Where a picture appears, leave it out, and transcribe all the lines below exactly.

**Source material:**
++++
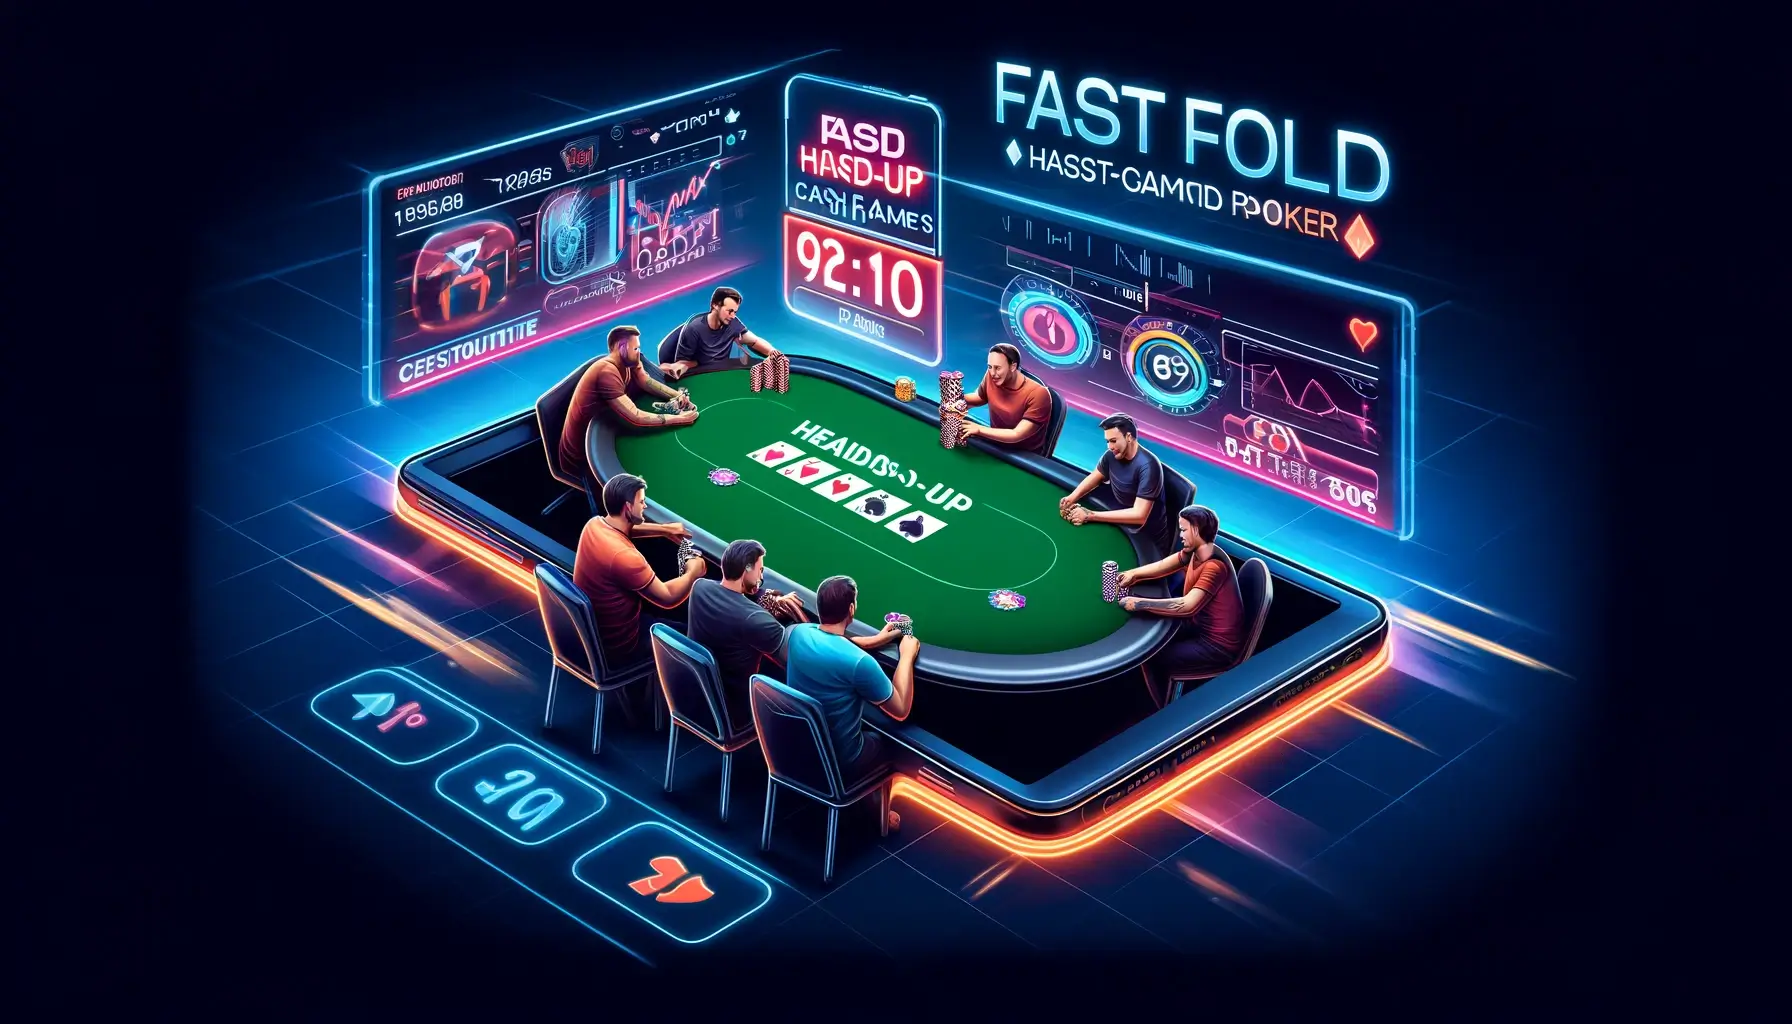 Partypoker Transforms Heads-Up Cash Game Tables into Fast-Fold Format
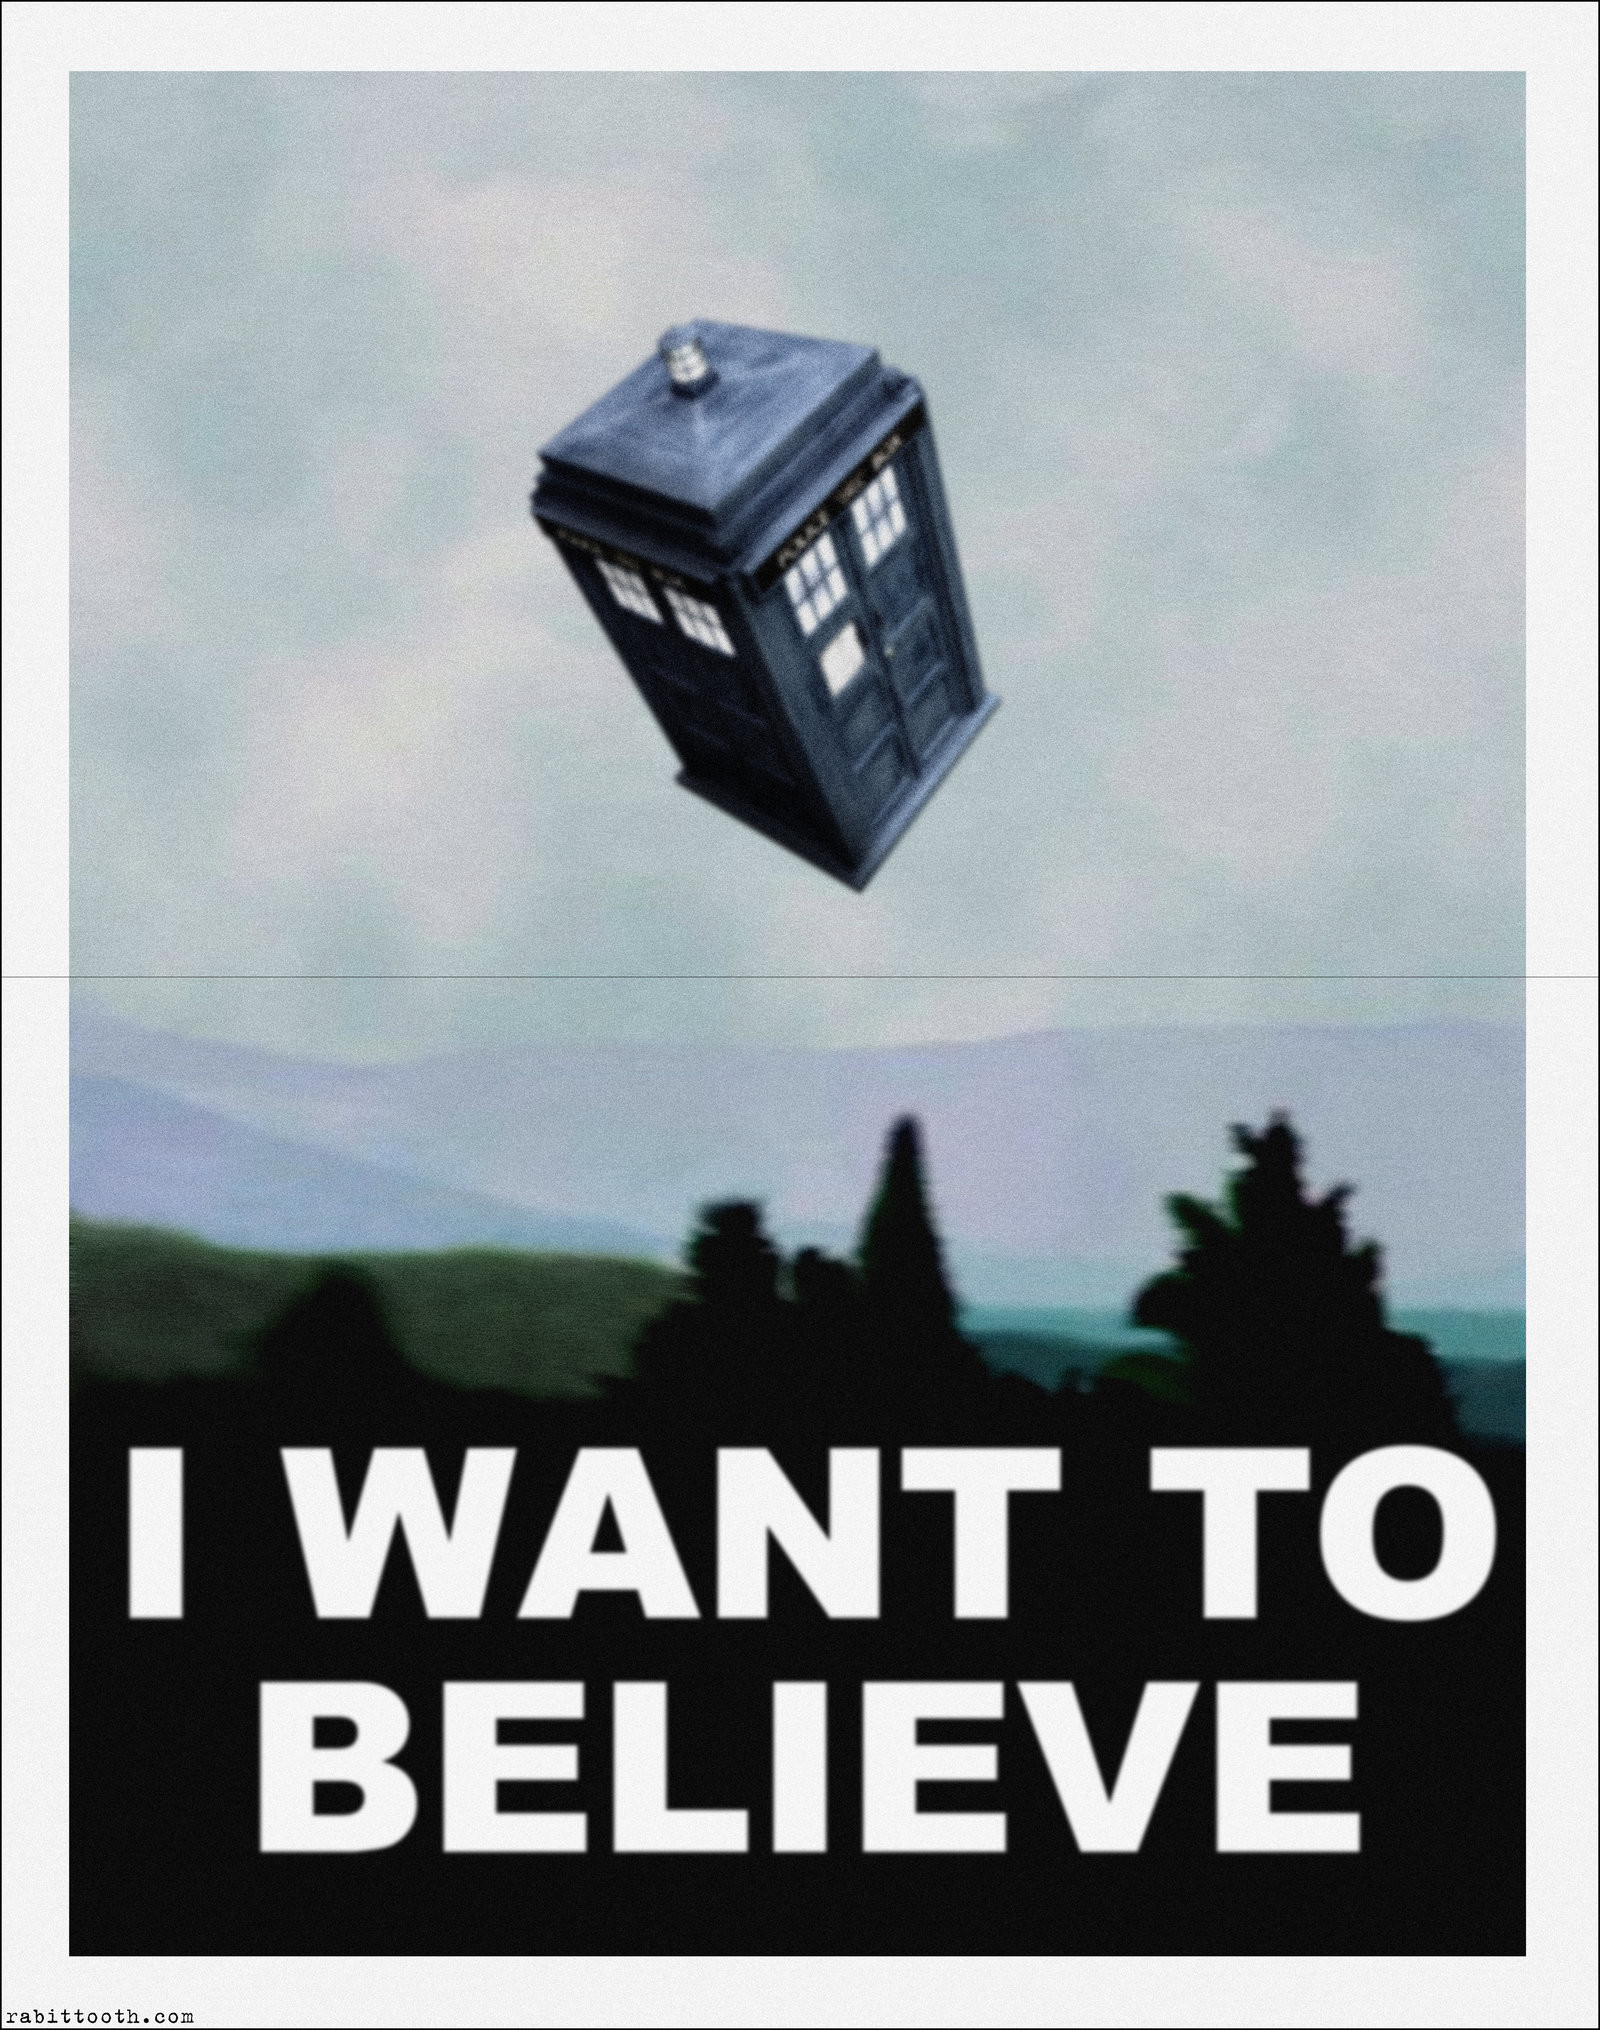 … TARDIS / Dr. Who-X-Files I Want To Believe Poster by Rabittooth
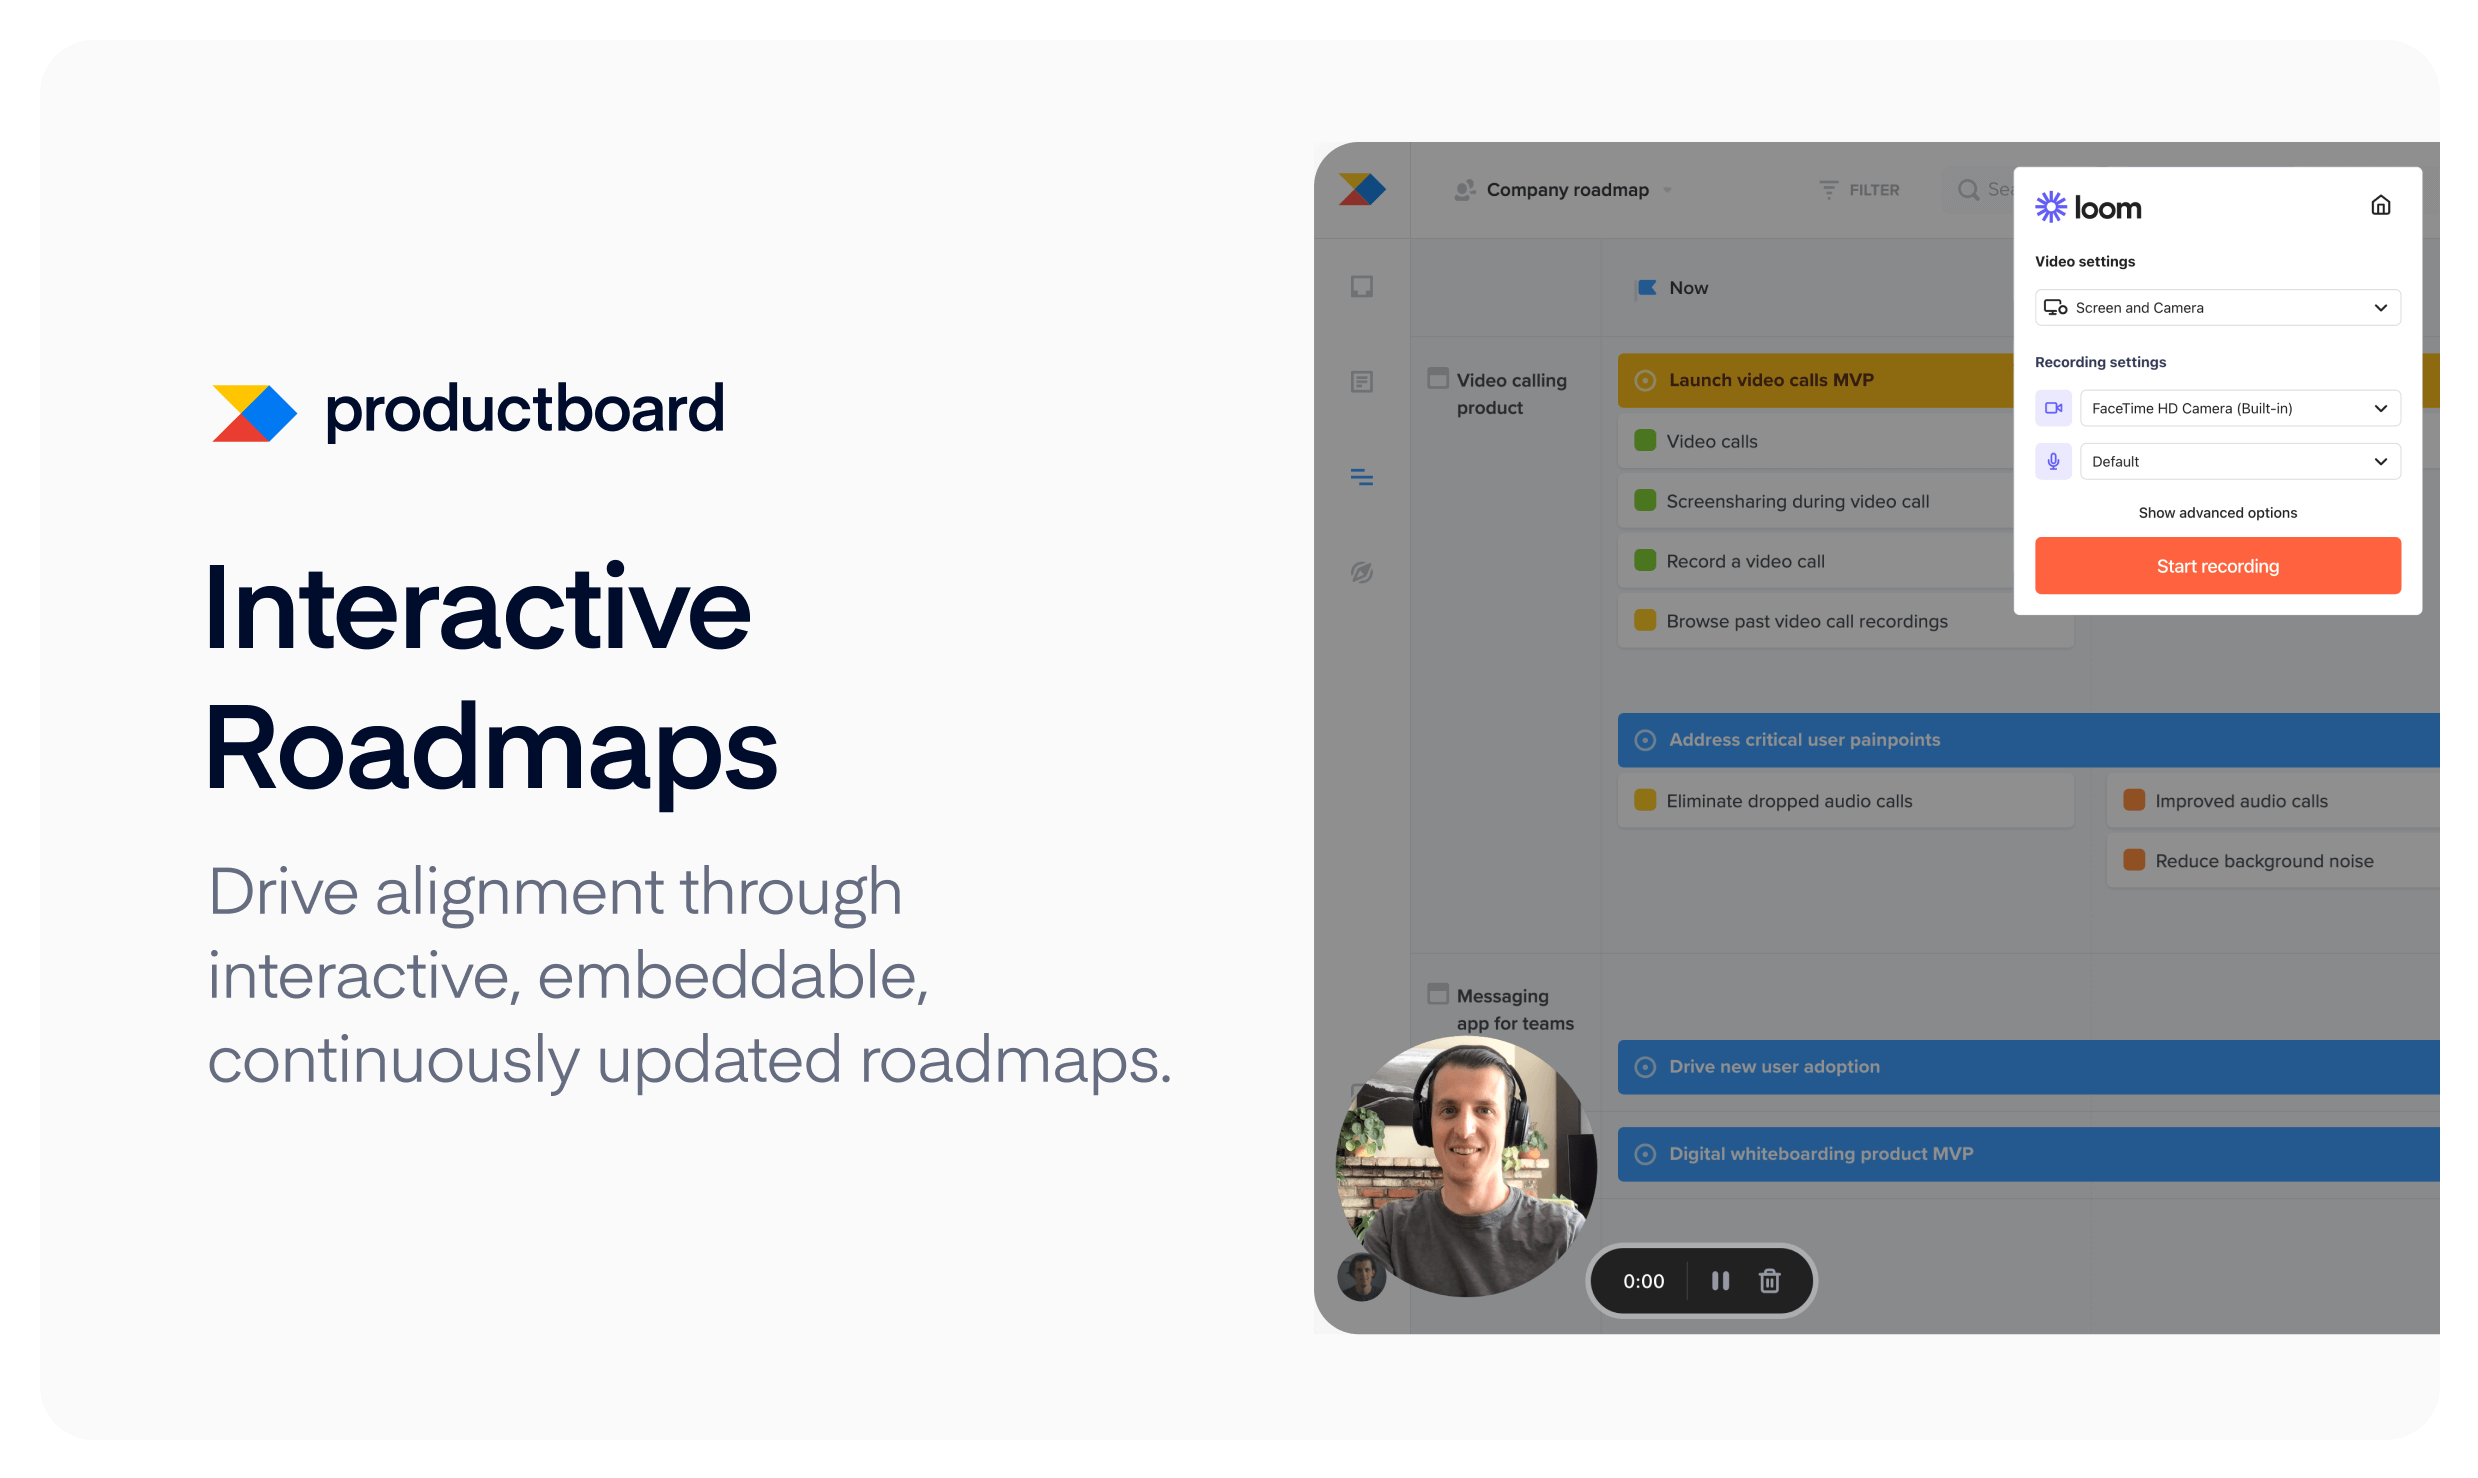 Drive alignment through interactive, embeddable, continuously updated roadmaps
++++
**Answer:**
 Partypoker Transforms Heads-Up Cash Game Tables into Fast-Fold Format
 … TARDIS / Dr. Who-X-Files I Want To Believe Poster by Rabittooth
 Drive alignment through interactive, embeddable, continuously updated roadmaps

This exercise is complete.